Sports burnout is a condition that can affect athletes of all ages and skill levels. It occurs when an athlete becomes physically and emotionally exhausted from the demands of their sport, leading to a decrease in performance and enjoyment.
Playing sports is hard enough, but when athletes are lonely, distracted, and/or drained, the likelihood of experiencing sports burnout increases. Burnout is a well-recognized phenomenon that can lead to decreased motivation, performance decline, and even quitting sports altogether.
Sports burnout is a condition that can affect athletes and individuals involved in competitive sports, particularly those who engage in high levels of training and competition. While there are various methods to cope with and recover from burnout, by cultivating flow, many athletes rediscover their love of the game. They no longer judge themselves solely by the results because the flow is a state where they feel their best and perform their best more consistently, and it is one of the few things in their control.
What is Flow?
Flow, also known as being "in the zone," is a state in which individuals are fully immersed in a task or activity, experiencing a sense of energized focus and enjoyment. Flow is characterized by a feeling of effortless concentration and a lack of self-awareness, where time seems to fly by. Flow can be experienced in various activities, from creative endeavors like music, art, or writing to athletic pursuits such as running, dancing, or playing sports. Flow is not just an individual state. Research suggests that when teams get into group flow, they become capable of remarkable feats.
Flow state has been linked to a range of positive outcomes, including increased creativity, productivity, and happiness. Studies have also shown that flow can reduce stress and anxiety and improve overall well-being. This makes it a potentially effective tool for recovering from burnout.
One reason why flow state is helpful in healing from burnout is that it provides a sense of purpose and accomplishment. Burnout can leave athletes feeling like they are stuck in a rut, lacking motivation or direction. Flow, on the other hand, offers a clear goal and a sense of progress towards achieving it. When athletes are in flow, they feel a sense of mastery and accomplishment that can help counteract the feelings of helplessness and hopelessness that often accompany burnout.
Flow is associated with a release of neurochemicals in the brain that promote well-being and reduce stress. When in flow, there is an increase in the release of dopamine, norepinephrine, endorphins, and anandamide, which are neurotransmitters that are linked to positive emotions, motivation, and pain reduction. These neurochemicals can counteract the effects of stress hormones, such as cortisol, which are associated with burnout. The release of these neurochemicals during flow can create a positive feedback loop, reinforcing the state and helping athletes to regulate stress and prevent burnout.

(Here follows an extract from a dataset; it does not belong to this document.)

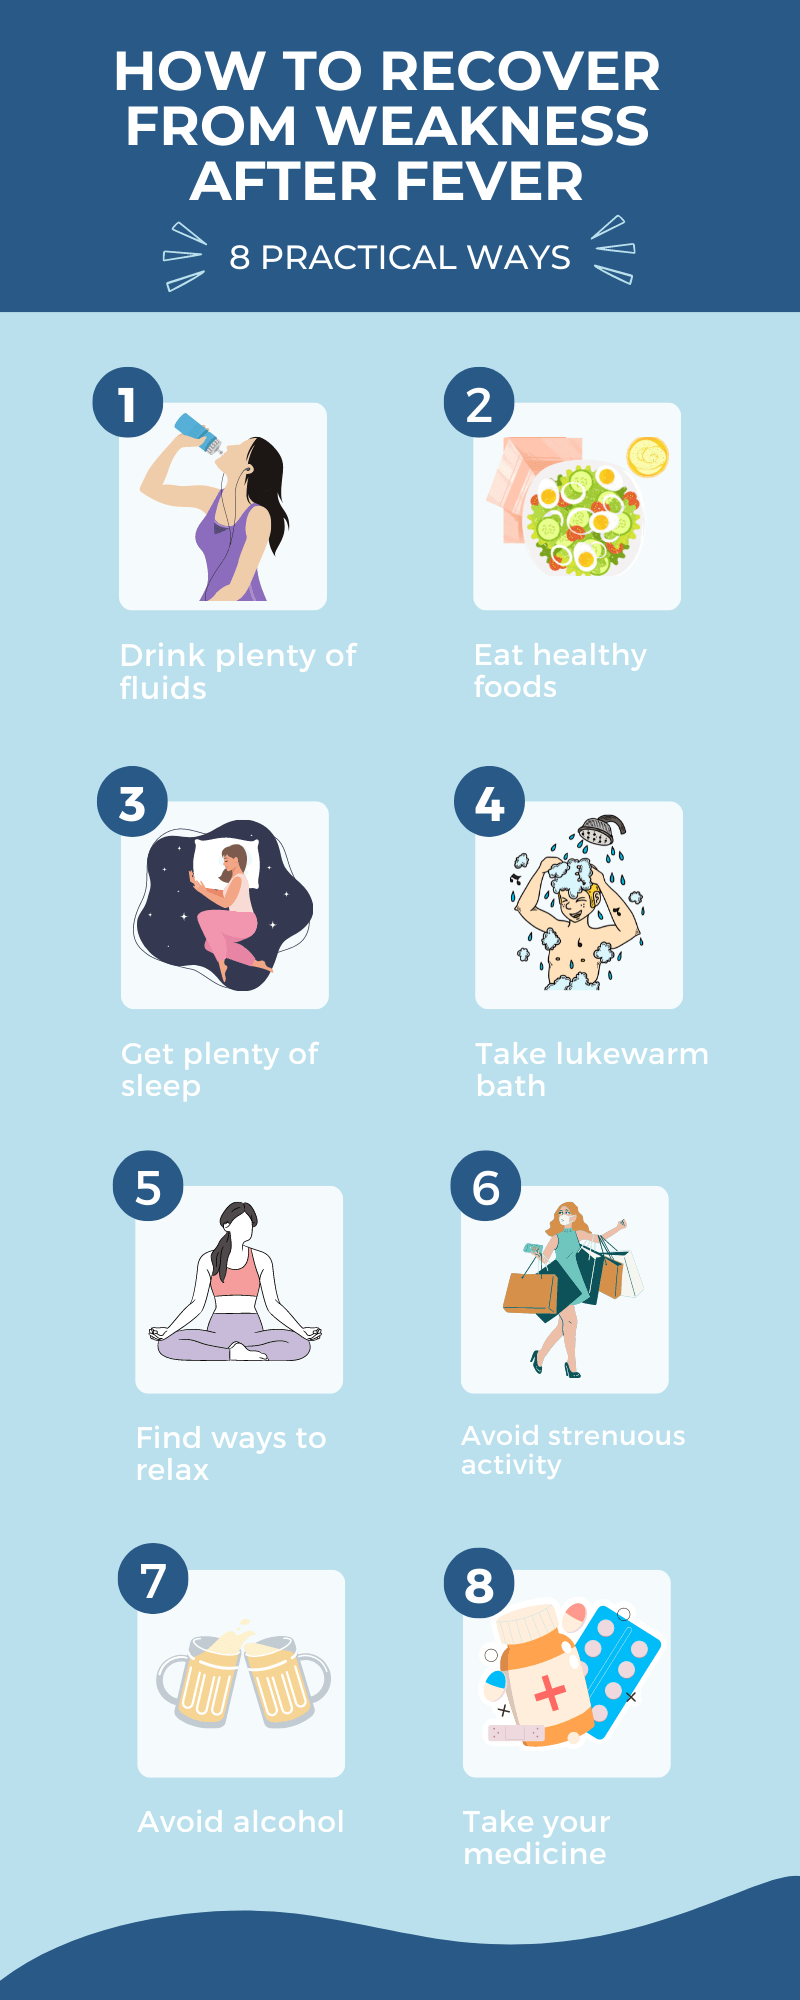 How to recover from weakness after fever infographic

Research suggests that when athletes are in flow, their confidence levels and high-quality performance allow them to reach their full potential. In my experience working with athletes who develop more flow, they become more self-determined. Not only does their performance improve, but they also feel more capable, more focused, and more connected.
Here are some practical steps an athlete can take to begin to develop more flow:
1. Identify your Challenge-Skill Ratio
When challenges are too hard, we tend to feel anxiety. When they are too easy, we become bored. Flow occurs when the challenge of a task is slightly above our skill level. Therefore, it's important to identify tasks that are the right amount of challenge. Tip: Identify areas of growth before practice that stretch your abilities without being too easy or hard and gear your practice around them.
2. Focus on the Present Moment
Research from Harvard suggests that we spend nearly 50% of our waking lives minds wandering to the past and future. And it turns out a wandering mind is not a happy mind. In flow, the part of our brain responsible for all that chatter quiets down. And that saves precious energy and focus to play the game!. Tip: Use self-talk like, “I am stepping into practice now” and “I am focused on the next play” to prime your focus on the here and now.
3. Set Clear Practice Goals
Having clear goals can help you stay focused and motivated, which can increase the likelihood of getting into the flow. Tip: Be very specific about your goal for today’s practice and take a minute to visualize what it would look like to accomplish today’s goal. During a practice break, check in with yourself about what you can do to take the next best step toward your goal.
4. Reframe Struggle
Struggle is an important part of the learning process, and that is how we grow and improve. In fact, flow has a four-phase cycle, and struggle is the first phase that leads us to flow. Tip: Practice struggling without getting frustrated. It’s important to create a bounce-back routine for how you will respond when you struggle.
5. Prioritize Recovery
The most underrated high-performance tool is recovery. Flow is biologically expensive, so you will need to replenish your resources. Take breaks, do breathwork, drink water, get sunshine, stretch your body, hang with friends, and get good sleep! Tip: Make a list of recovery tools and keep it where you can see them every day. Ask yourself, “What are the best recovery tools for me today?”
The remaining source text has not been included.